Usually do woodchoppers for obliques using cable machine, side twists with a barbell, leg raises and finish off on the weighted ab machine at the gym.
what do you guys do for abs at the gym?
I never botherd to do them there just did them 2 times a week at home
already at the gym, what's an extra 10 minutes per session on abs (if you already have them)
quick tip, if you already have abs, a quick 10 minutes at the end of each sesson will keep them in shape.. if you don't already have decent abs or there is a lot of fat covering your abs then it's better to do 1 big session on abs like you would any other muscle.
a lot of people get confused and think it's better to train their abs everyday and will automatically get them after a while.. doesn't work like that...1 hard session per week is better.
/
chest on a monday because it's when i have the most weight on my upper body, i'm well rested after the sunday off and generally go the hardest on chest sessions.. then my upper body gets a days rest while i do legs on a tuesday.
you have to remember the other muscles you're uncontrollably working while doing certain exercises E.G you will be working tri's while doing chest exercises hence the reason people pair chest and tri's.

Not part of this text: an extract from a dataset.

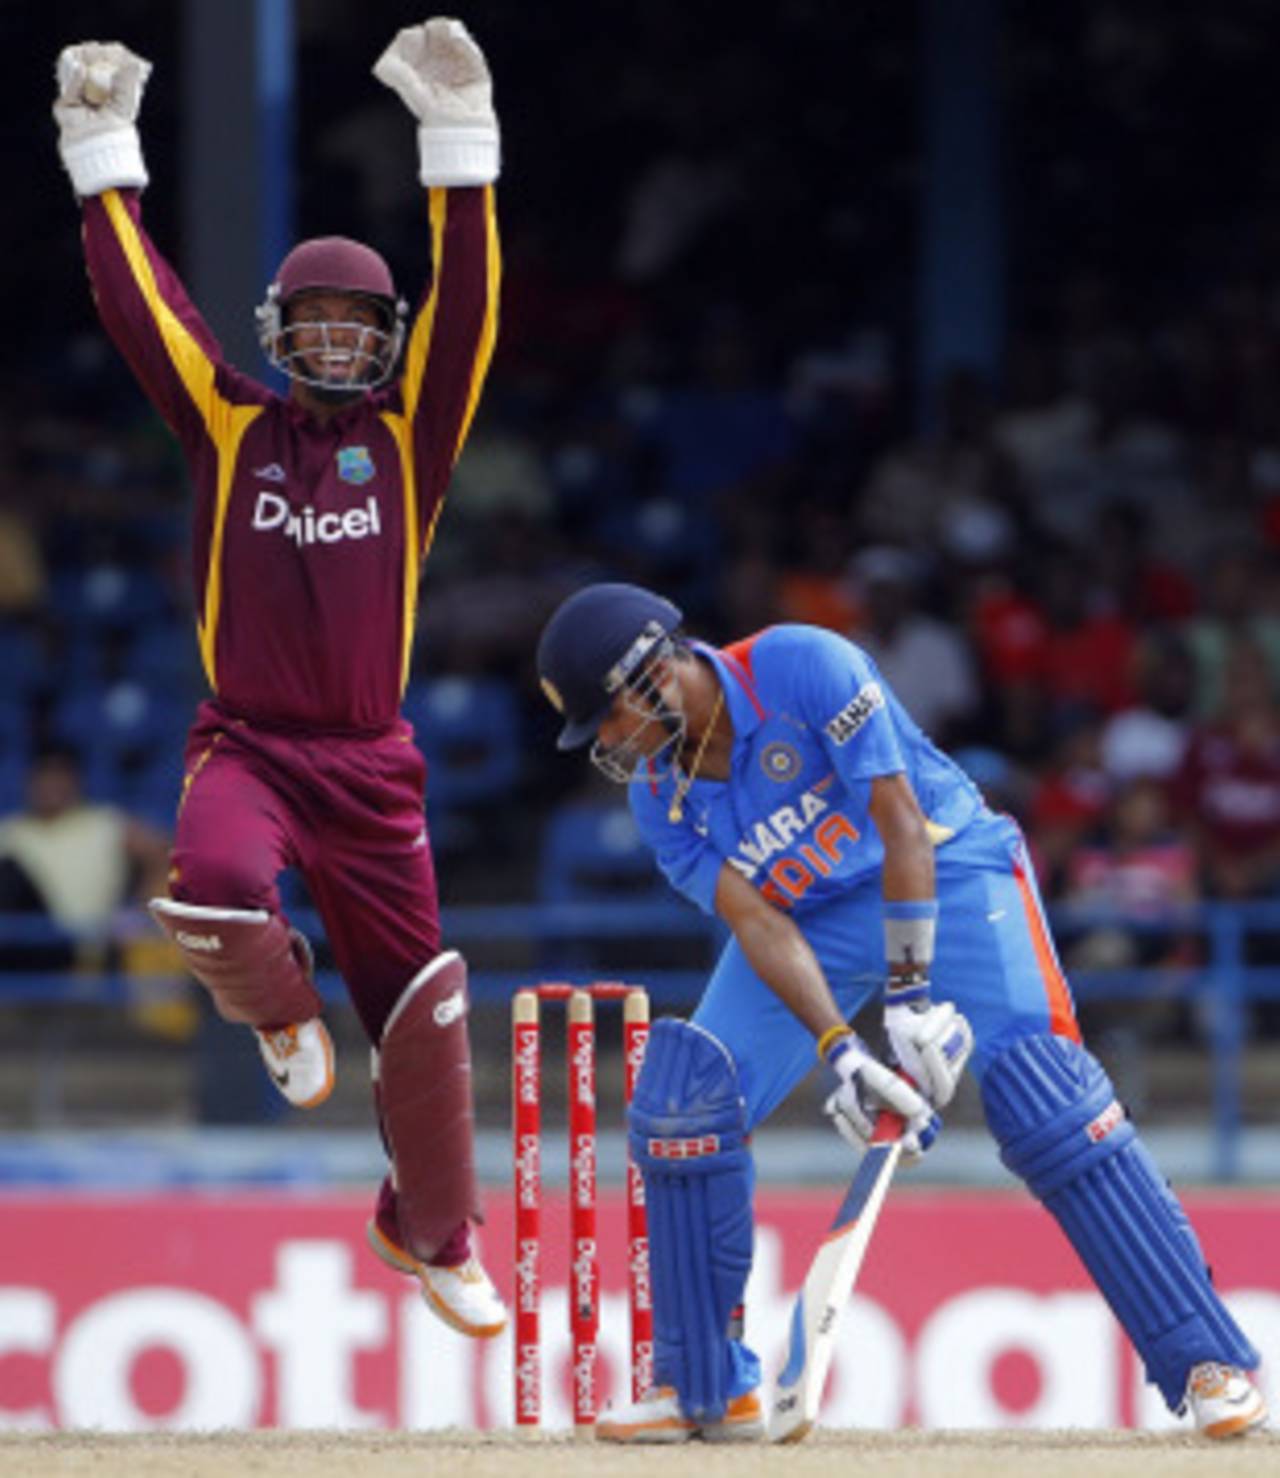 Despite a strong showing on the domestic circuit and the IPL, S Badrinath has failed to make the most of his international opportunities&nbsp;&nbsp;&bull;&nbsp;&nbsp;Associated Press
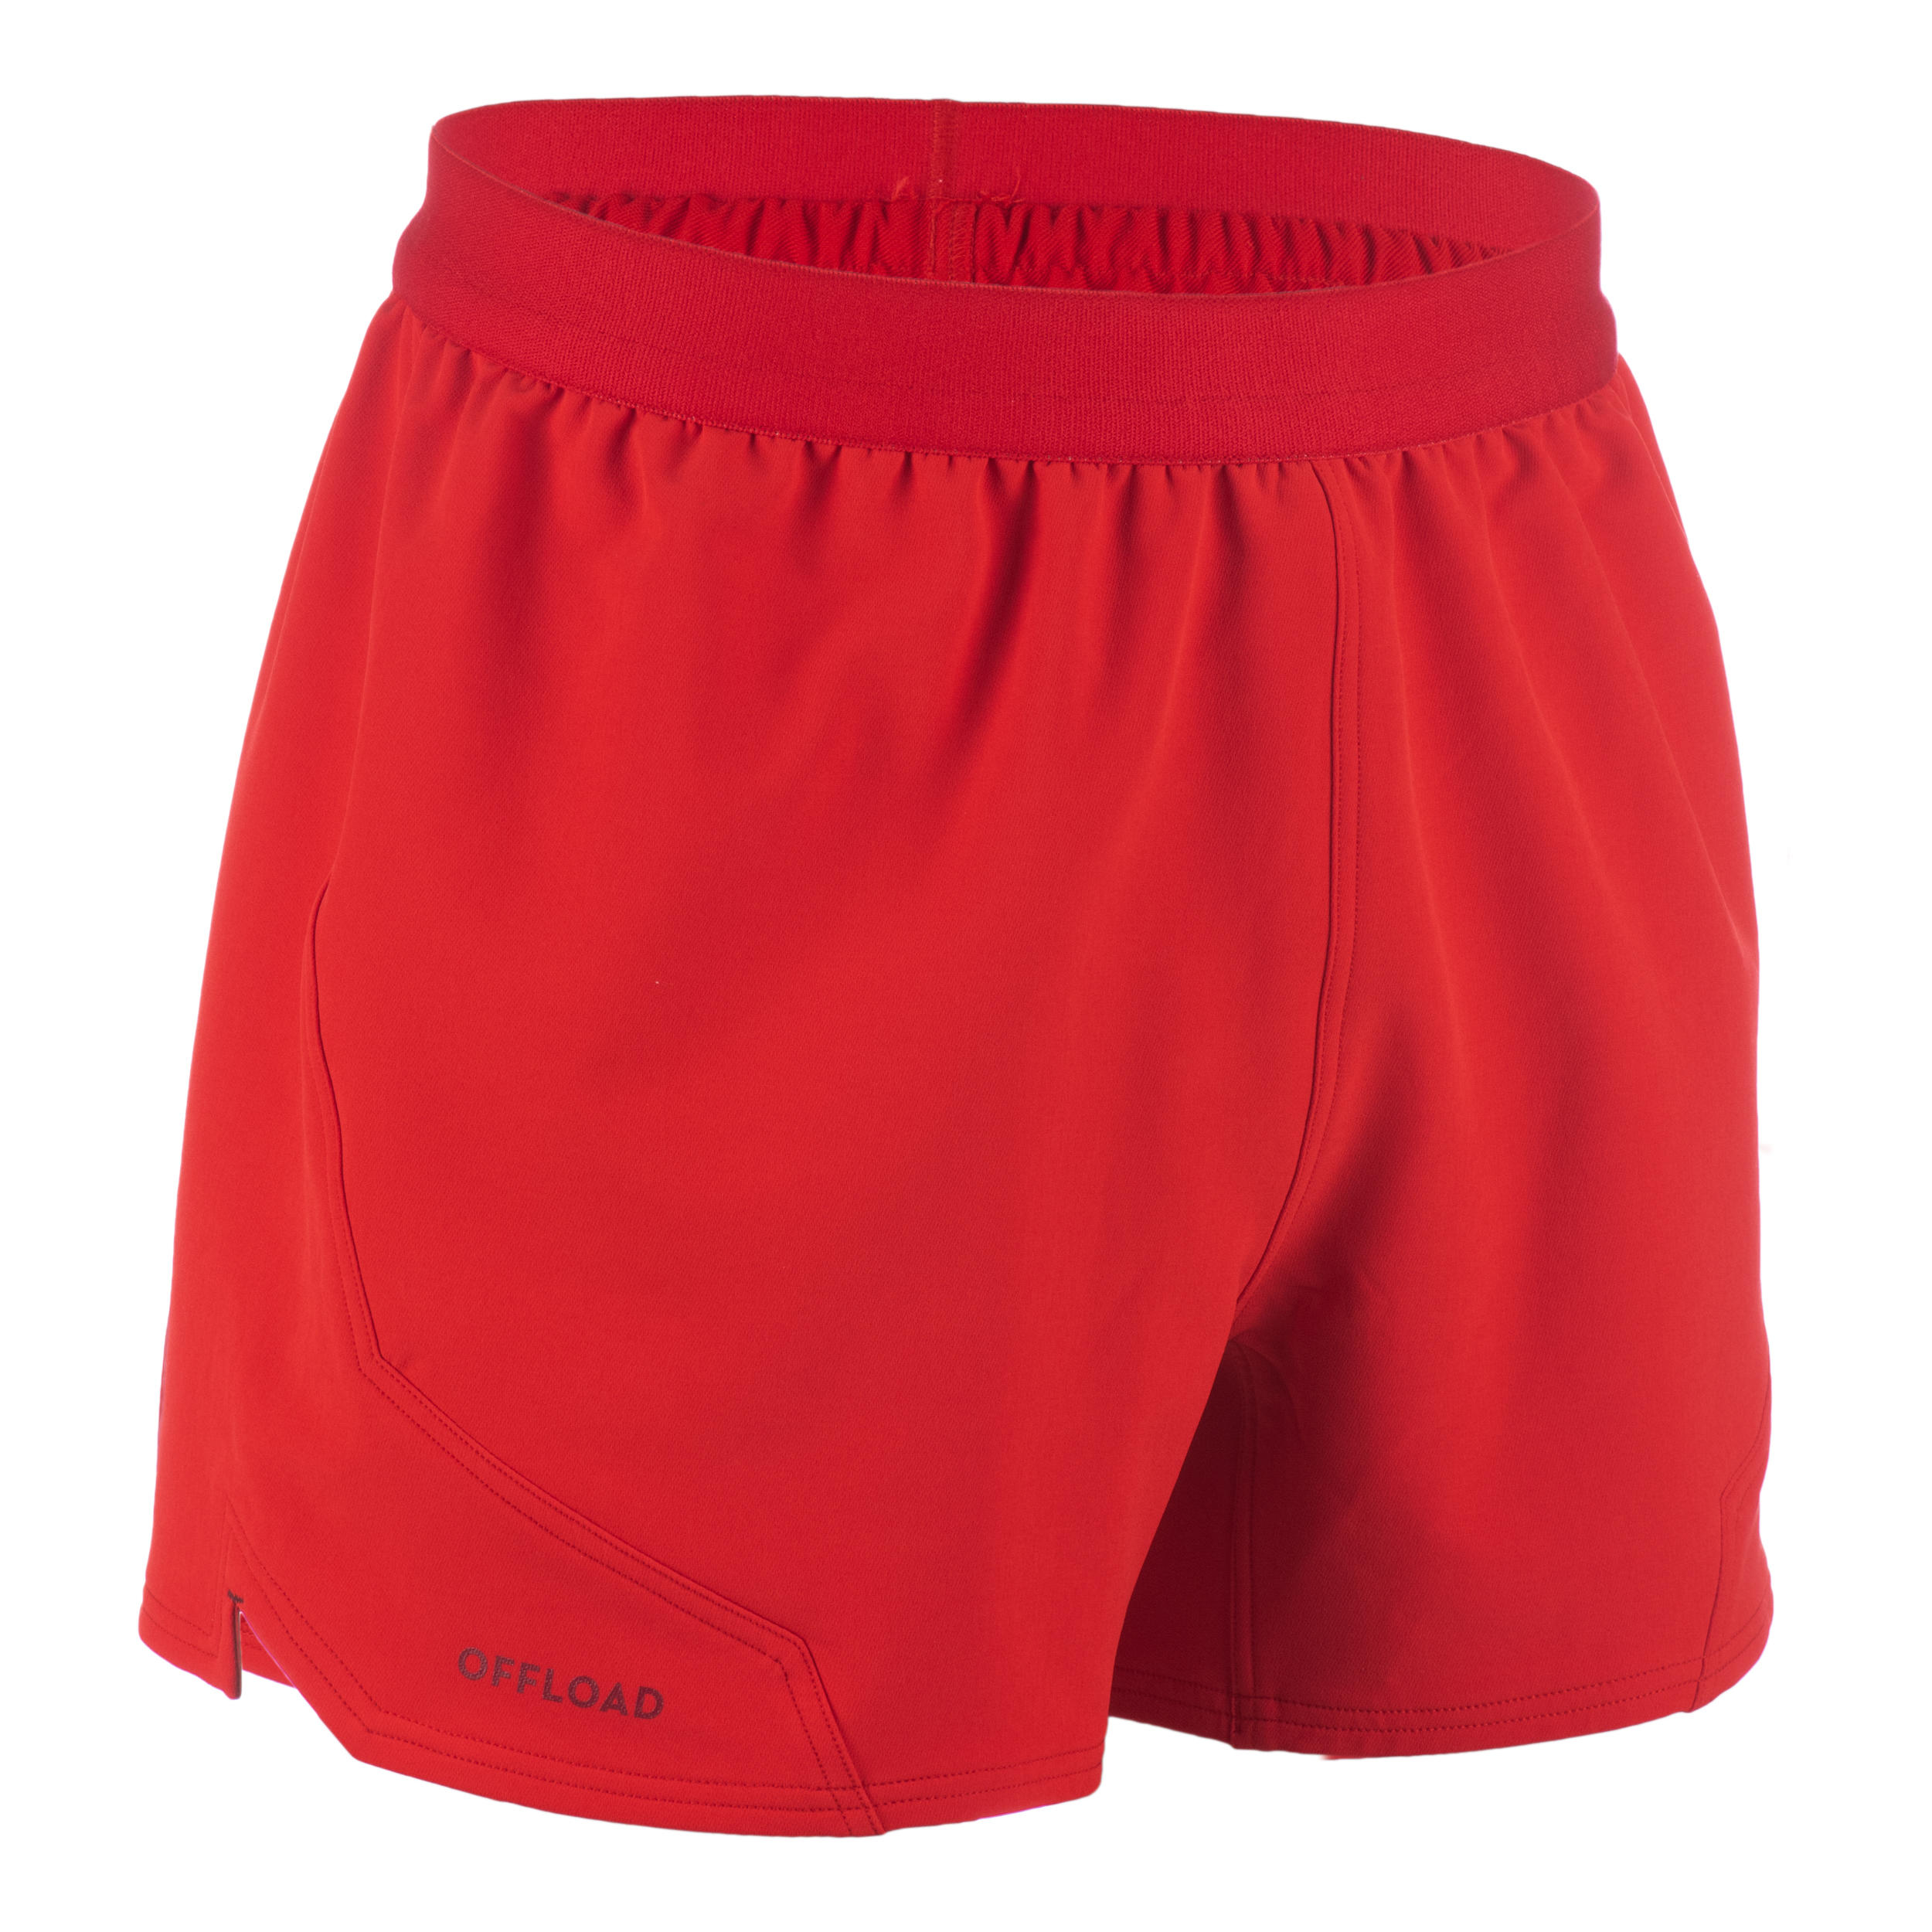 OFFLOAD Men’s Rugby Shorts R500 - Red

if you pair your tri's with something else like back as i saw in someones routine, when you're on your "back and tri's" day your tri's wont be at 100% after the chest session you did earlier in the week/day before so you wont get as much out of them as you would of if you smashed them out along with chest
.if you pair your tri's with something else like back as i saw in someones routine, when you're on your "back and tri's" day your tri's wont be at 100% after the chest session you did earlier in the week/day before so you wont get as much out of them as you would of if you smashed them out along with chest
Maybe it's cos I wanna work tris twice a week?
Thanks for the advice tho buddy
But then you're doing 1 session of indirect tris because your main focus is chest exercises and 1 session of tris while not at there full strength because they're still half recovering from the indirect session you done the day before/ 2 days before.
If you're happy with it then kl don't need to get funny about it
Anyone use those power plate things?
I thought they were for females really but heard they are good?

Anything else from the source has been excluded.